● RAW DATA
== Segment start ==

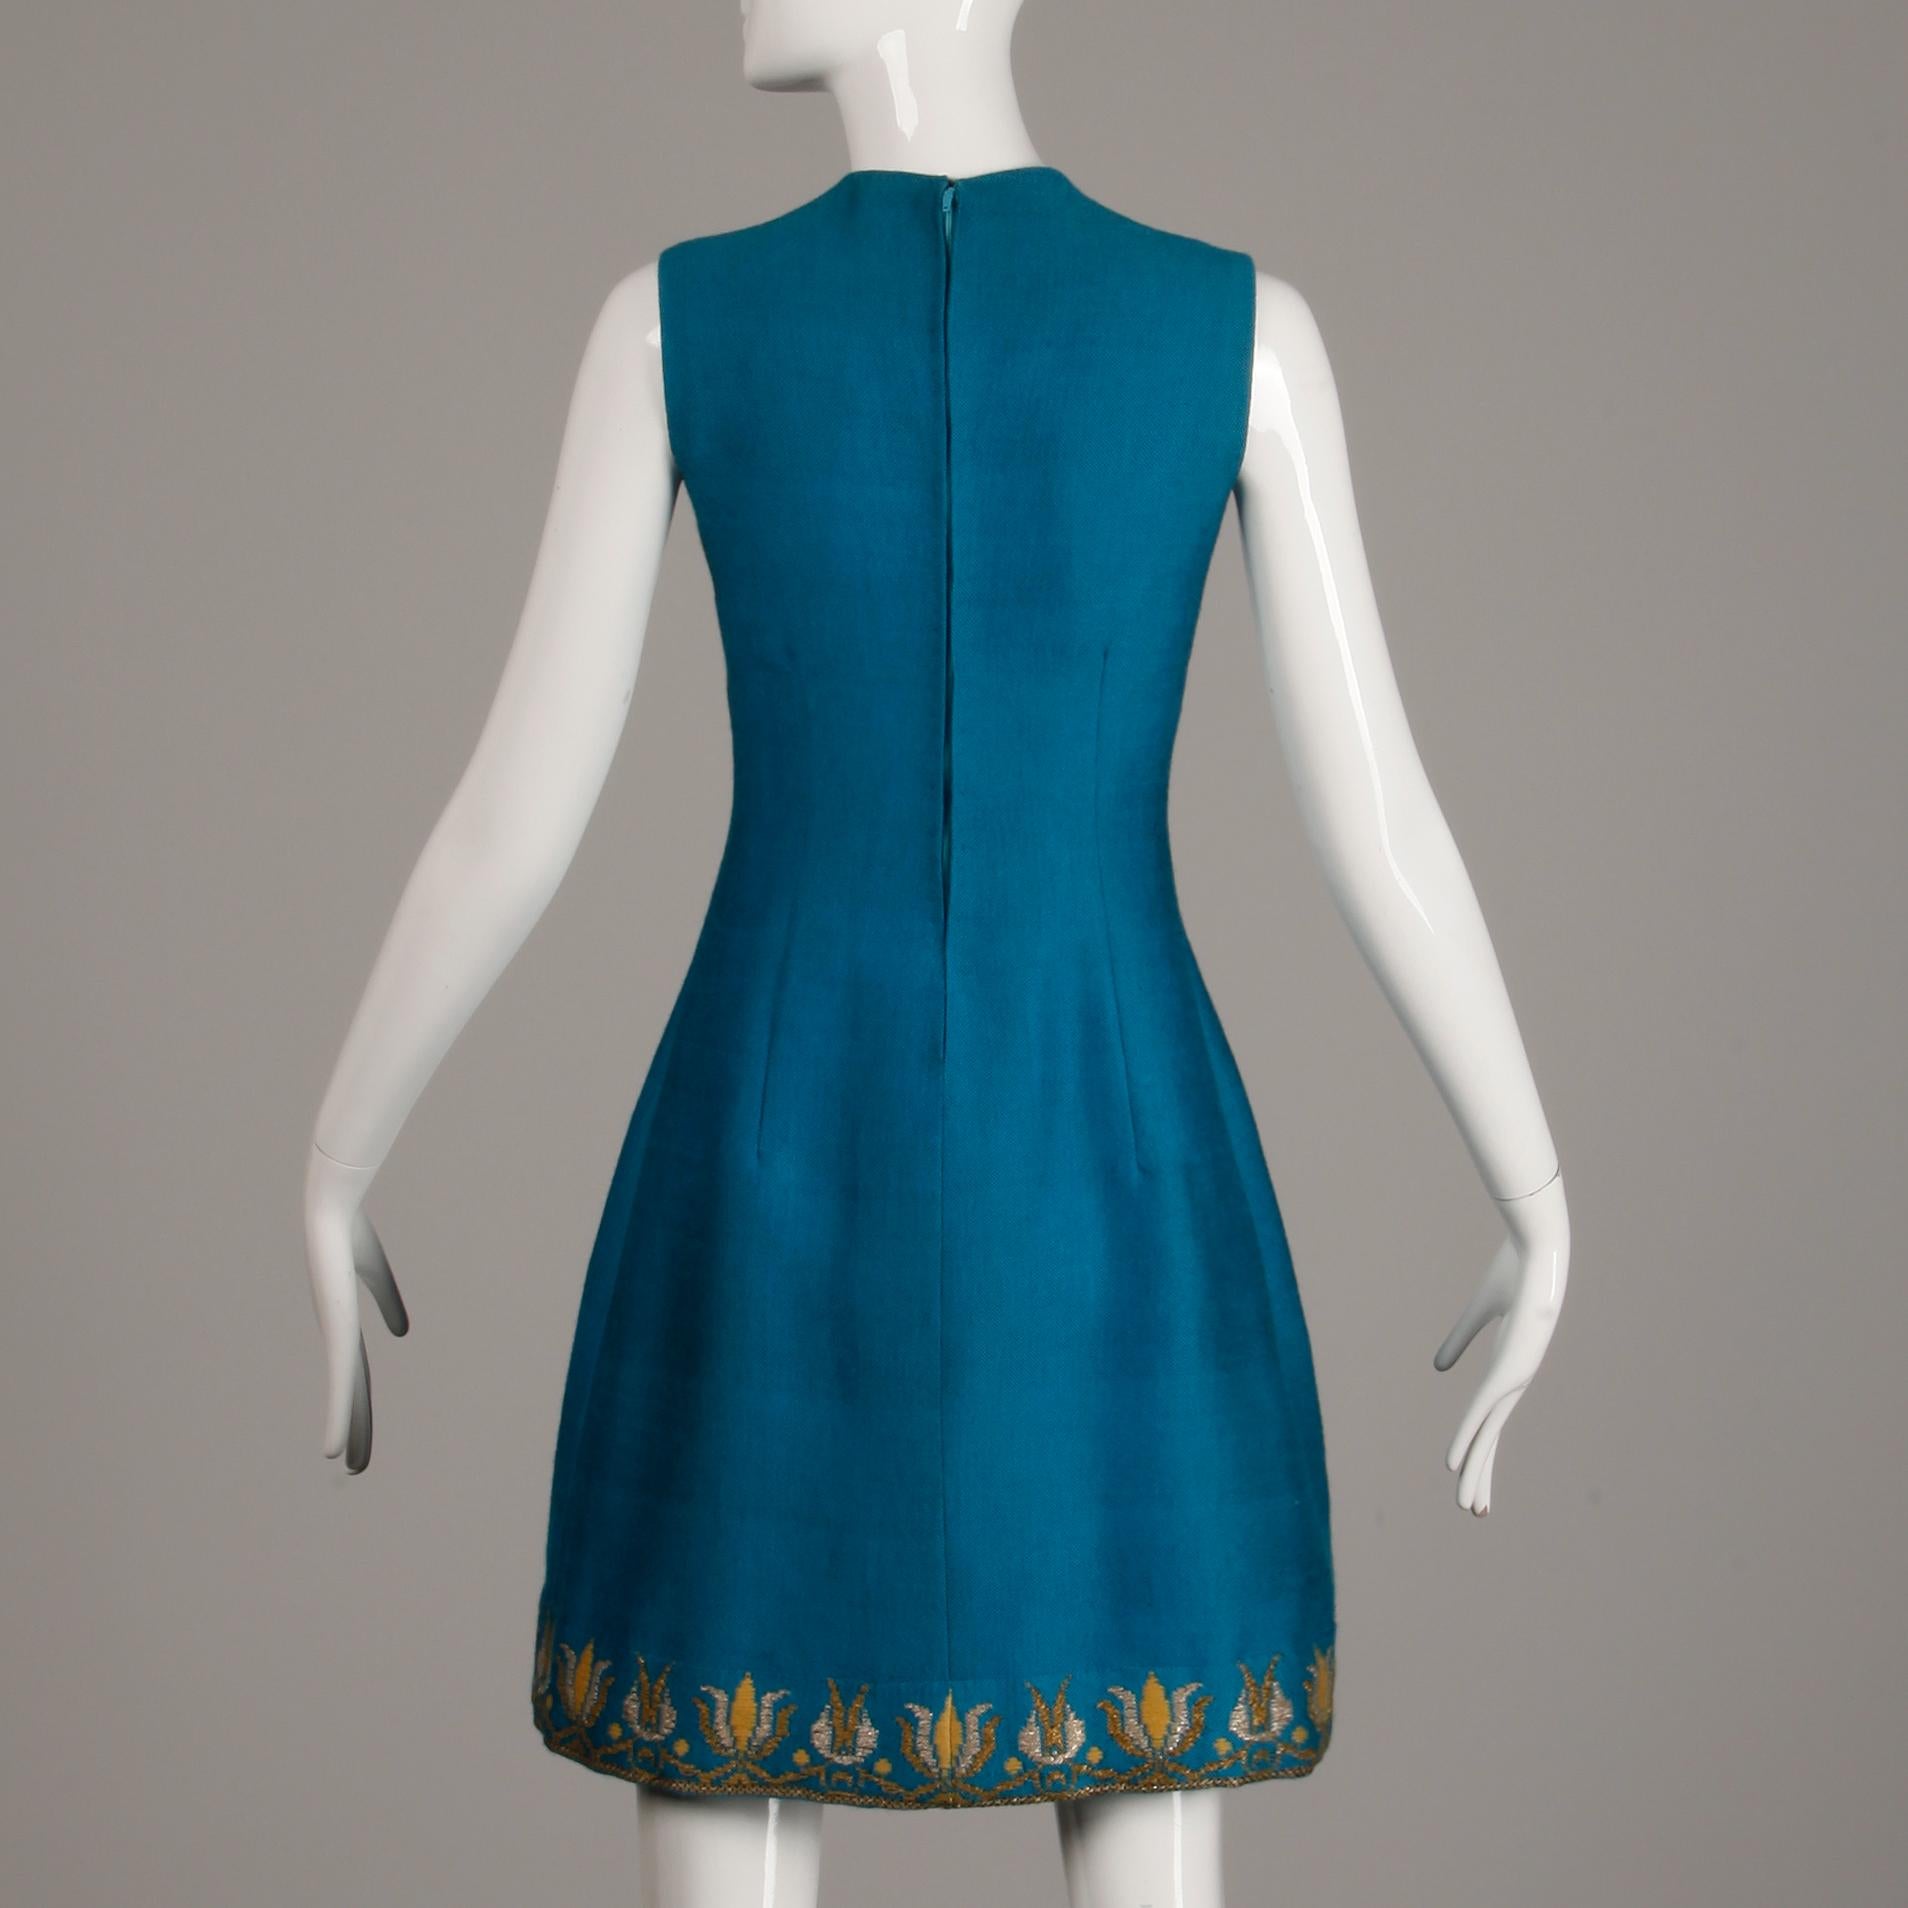 Rare 1960s Nikos-Takis Vintage Blue Shift Dress with Hand Embroidered Tulips For Sale 3
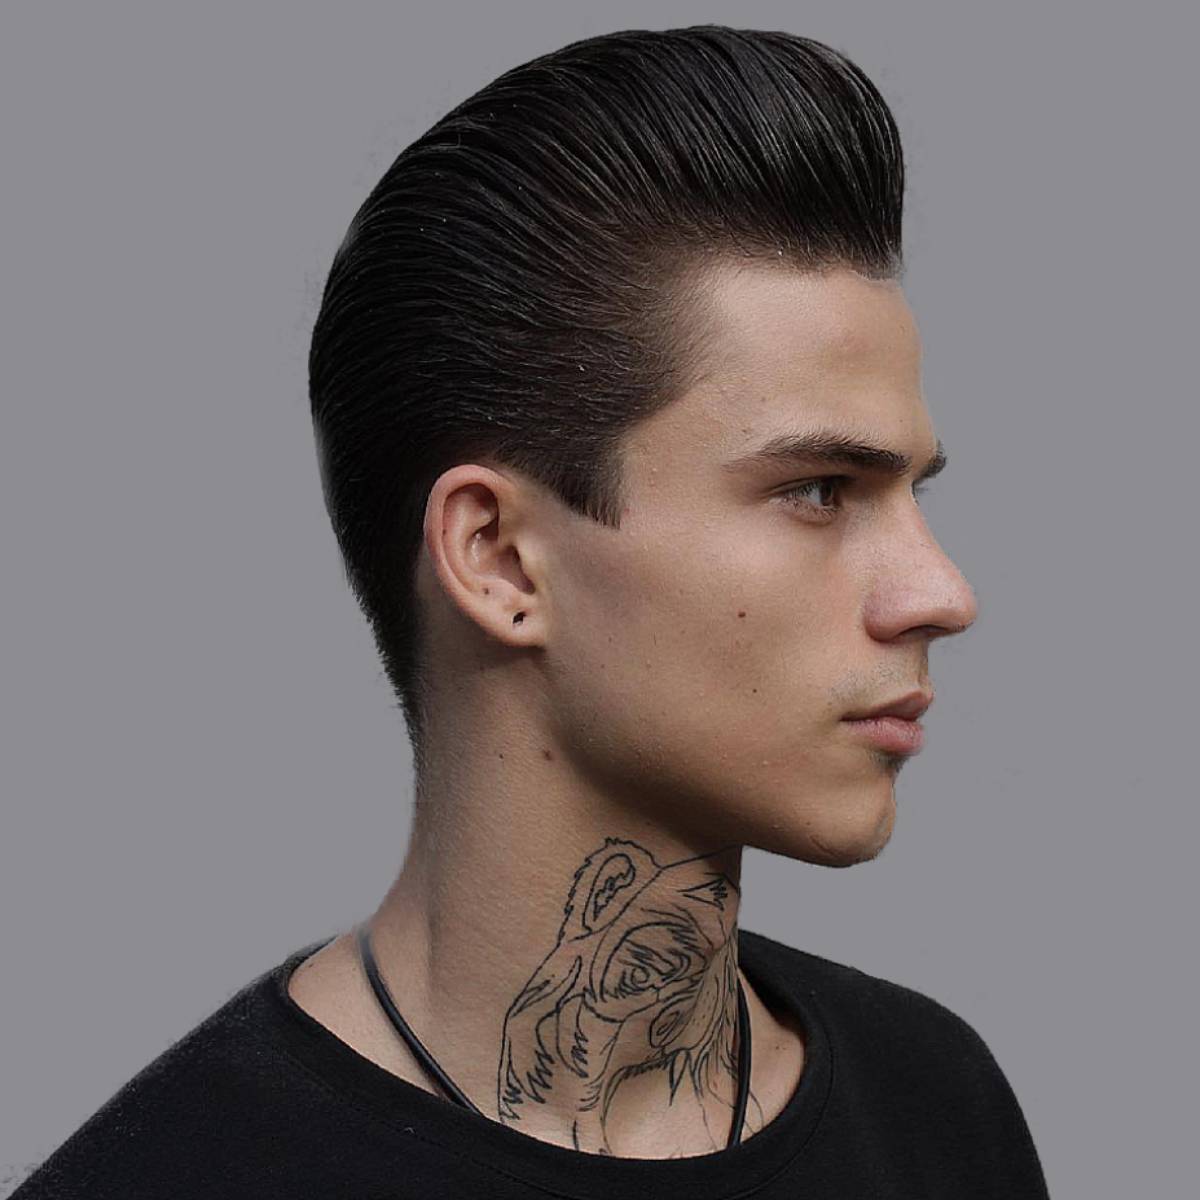 The 54 Coolest Pompadour Haircuts for Men Blowin' Up Right Now
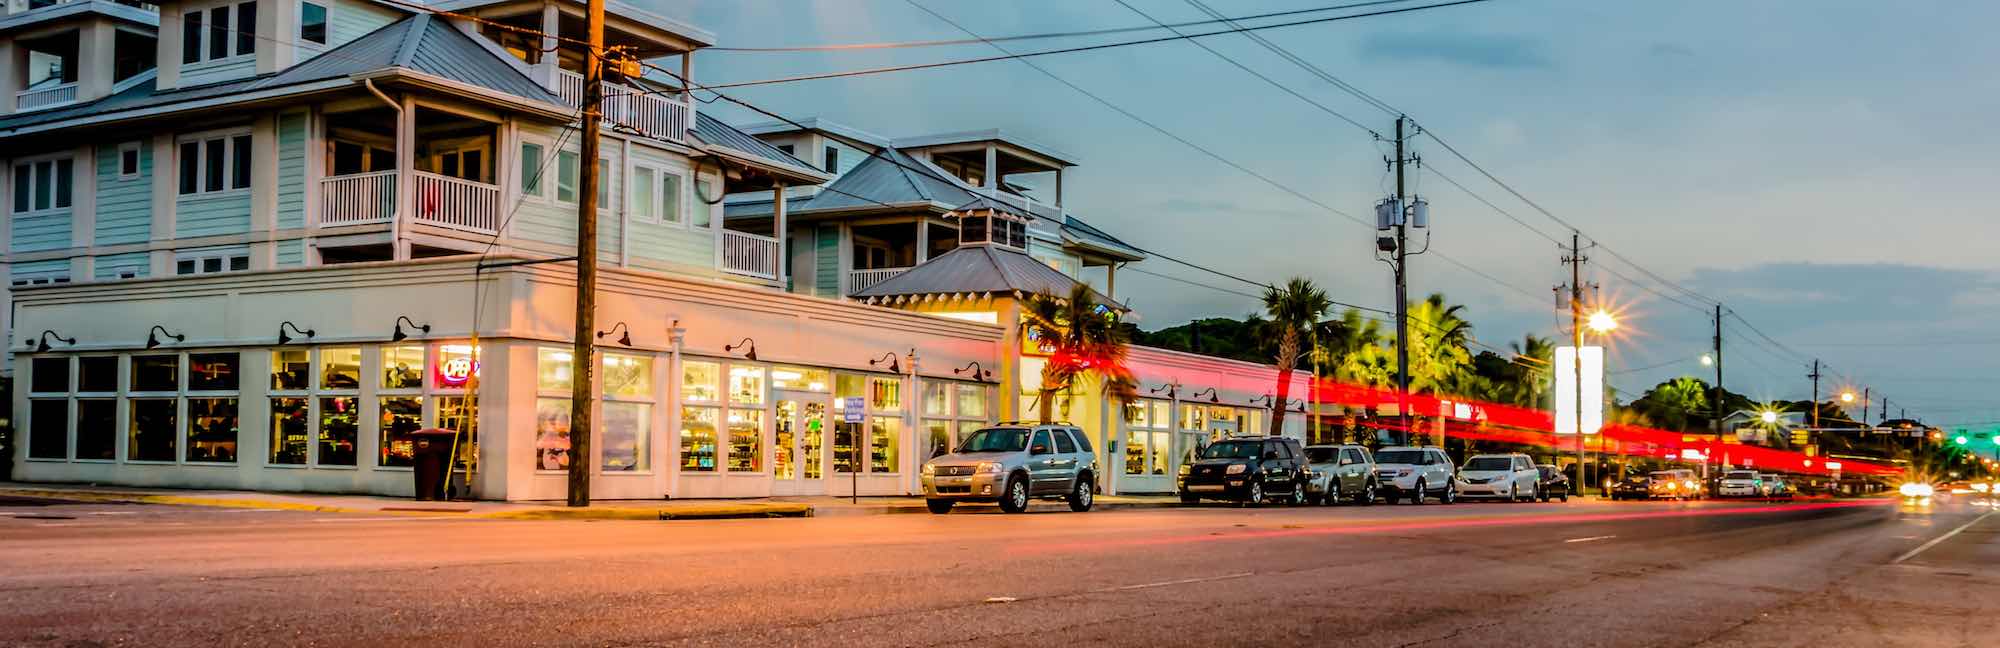 Tybee Island Events for 2020
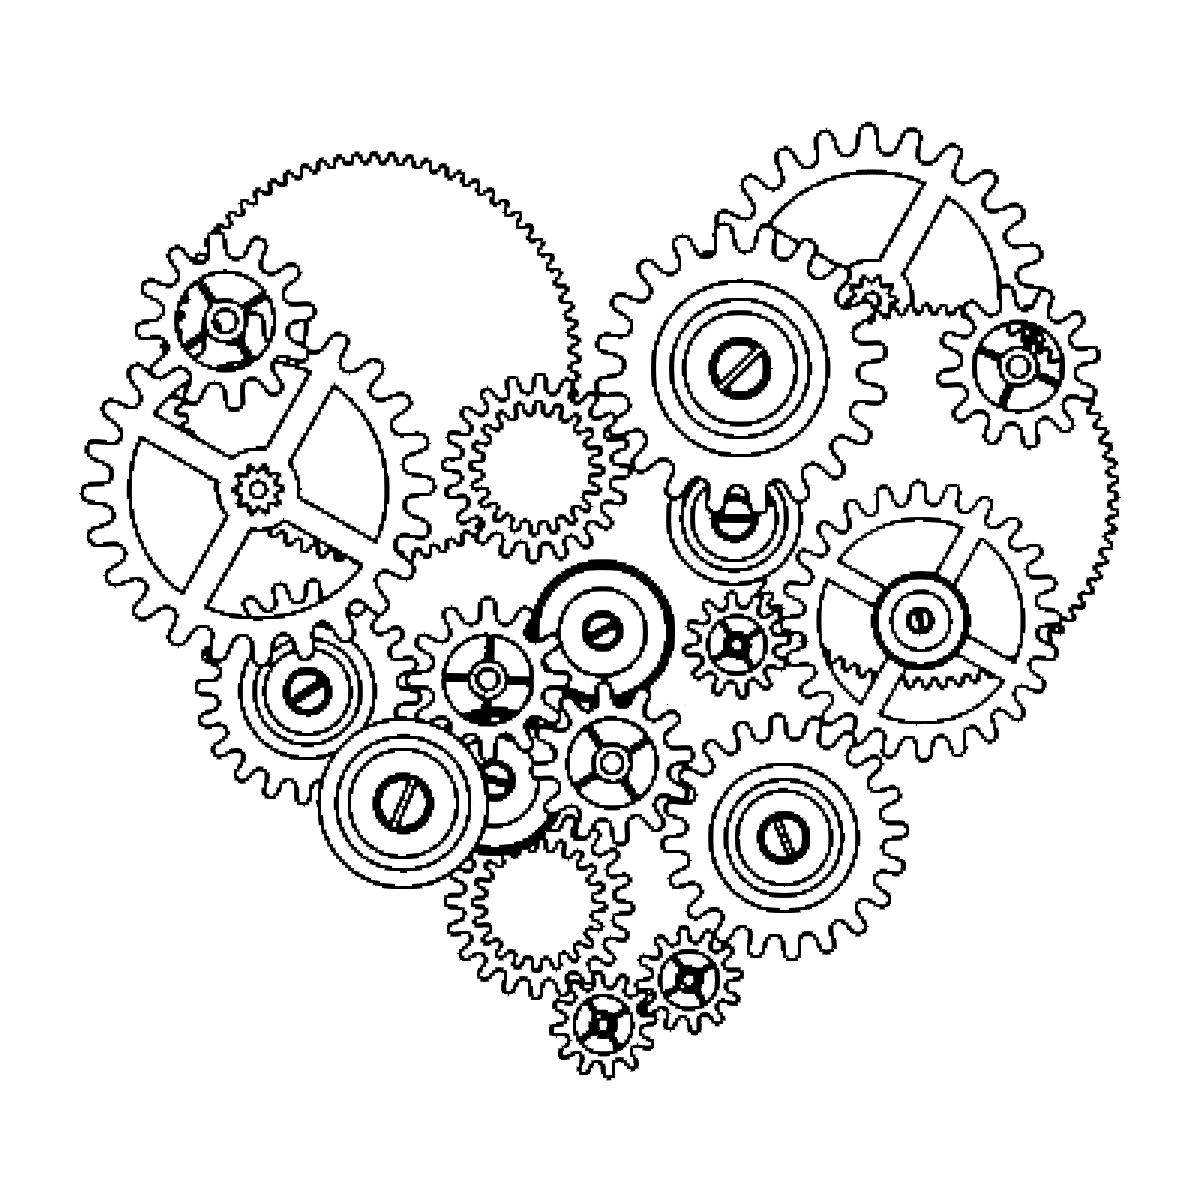 4841009-gear-love-heart-isolated-on-white-background

== Segment end ==

● TASK INSTRUCTIONS
Word for word, return the material above, but drop the pictures.

● PROBLEM SOLUTION
 Rare 1960s Nikos-Takis Vintage Blue Shift Dress with Hand Embroidered Tulips For Sale 3
 The 54 Coolest Pompadour Haircuts for Men Blowin' Up Right Now
 Tybee Island Events for 2020
 4841009-gear-love-heart-isolated-on-white-background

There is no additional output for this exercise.